→ Work order: Print the lines in the listing below starting at the line with "Additional photo for" and ending at the line with "Smart 4K (Android", both included. Reproduce them exactly and omit every picture.

→ Task data:
+---+

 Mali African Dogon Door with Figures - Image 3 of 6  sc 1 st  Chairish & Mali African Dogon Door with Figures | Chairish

+---+

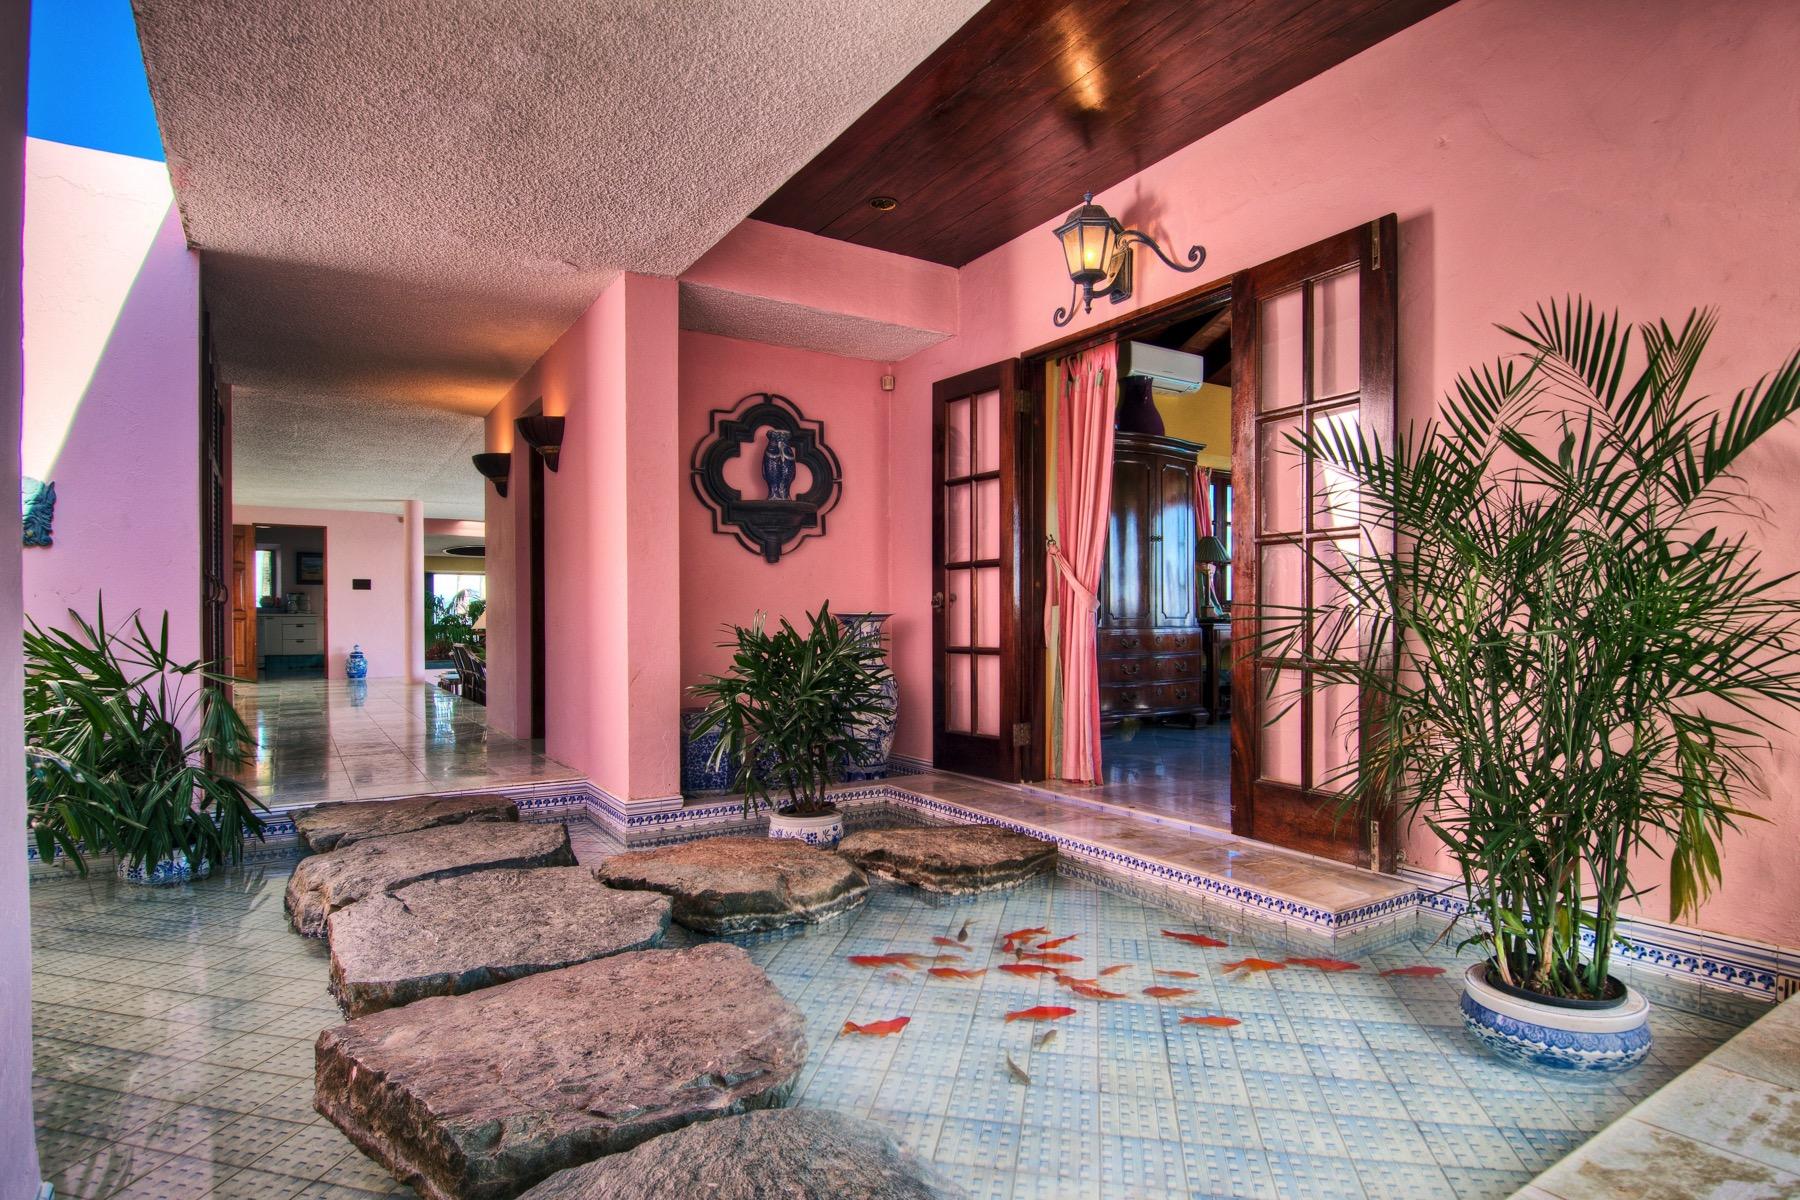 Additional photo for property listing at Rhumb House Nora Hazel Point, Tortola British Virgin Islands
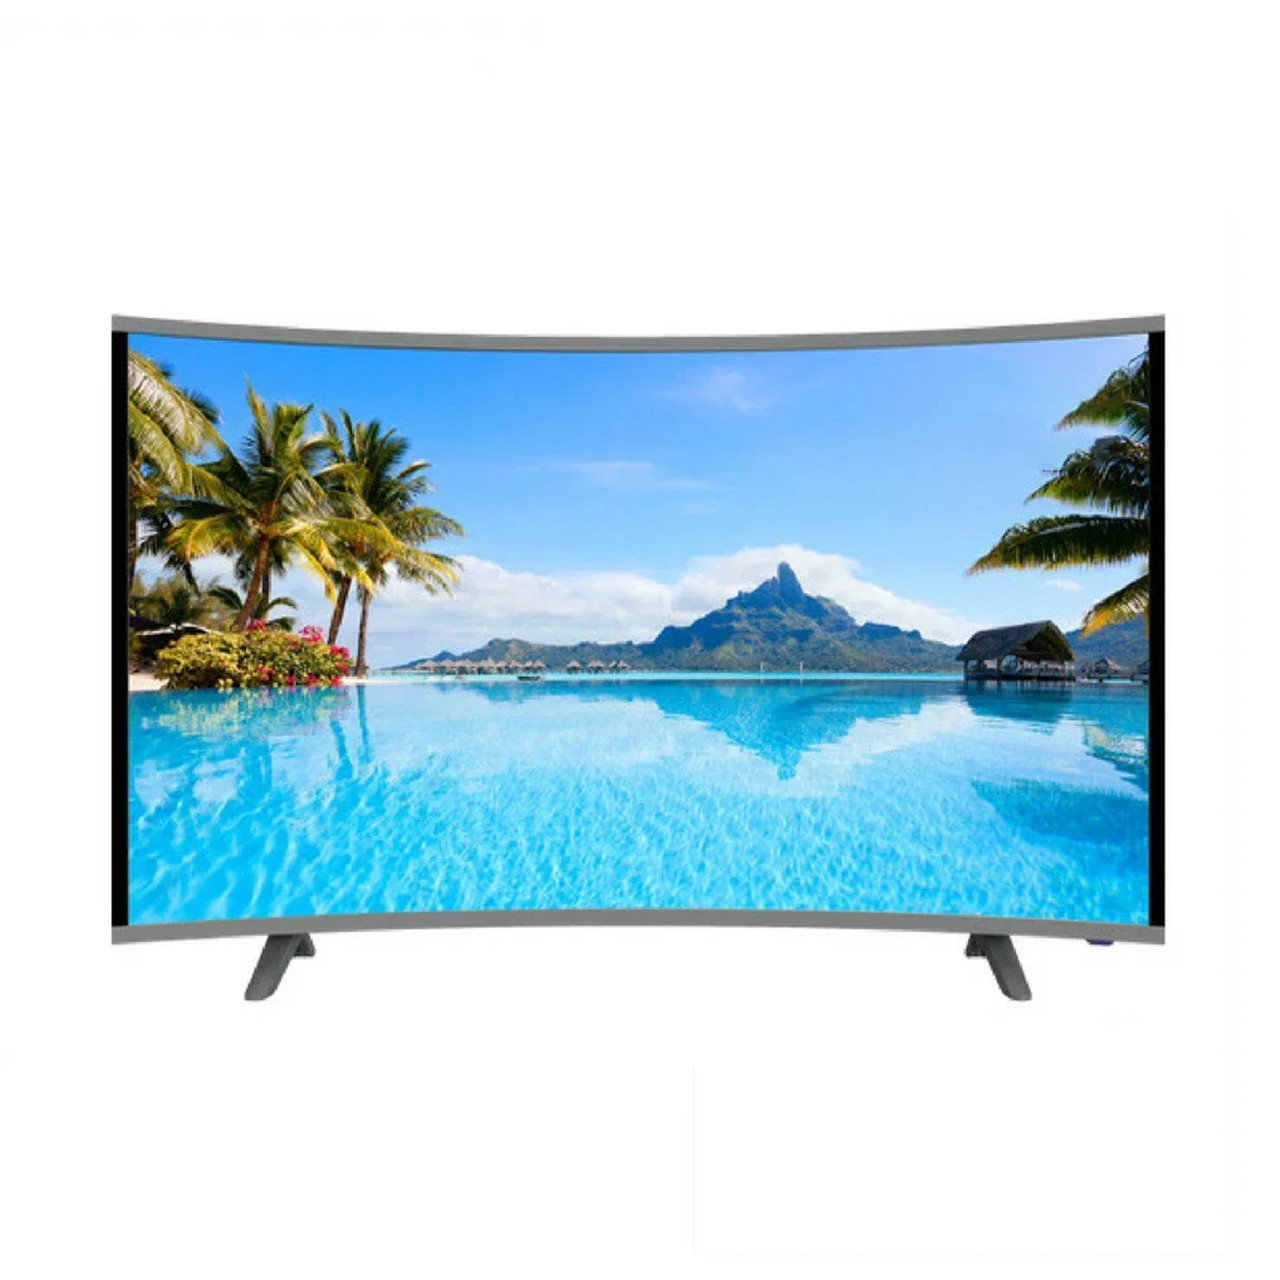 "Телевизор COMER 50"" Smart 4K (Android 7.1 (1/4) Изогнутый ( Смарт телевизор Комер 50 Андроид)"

+---+

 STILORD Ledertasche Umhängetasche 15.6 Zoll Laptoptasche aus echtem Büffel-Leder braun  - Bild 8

+---+

→ Exercise answer:
 Additional photo for property listing at Rhumb House Nora Hazel Point, Tortola British Virgin Islands
 "Телевизор COMER 50"" Smart 4K (Android 7.1 (1/4) Изогнутый ( Смарт телевизор Комер 50 Андроид)"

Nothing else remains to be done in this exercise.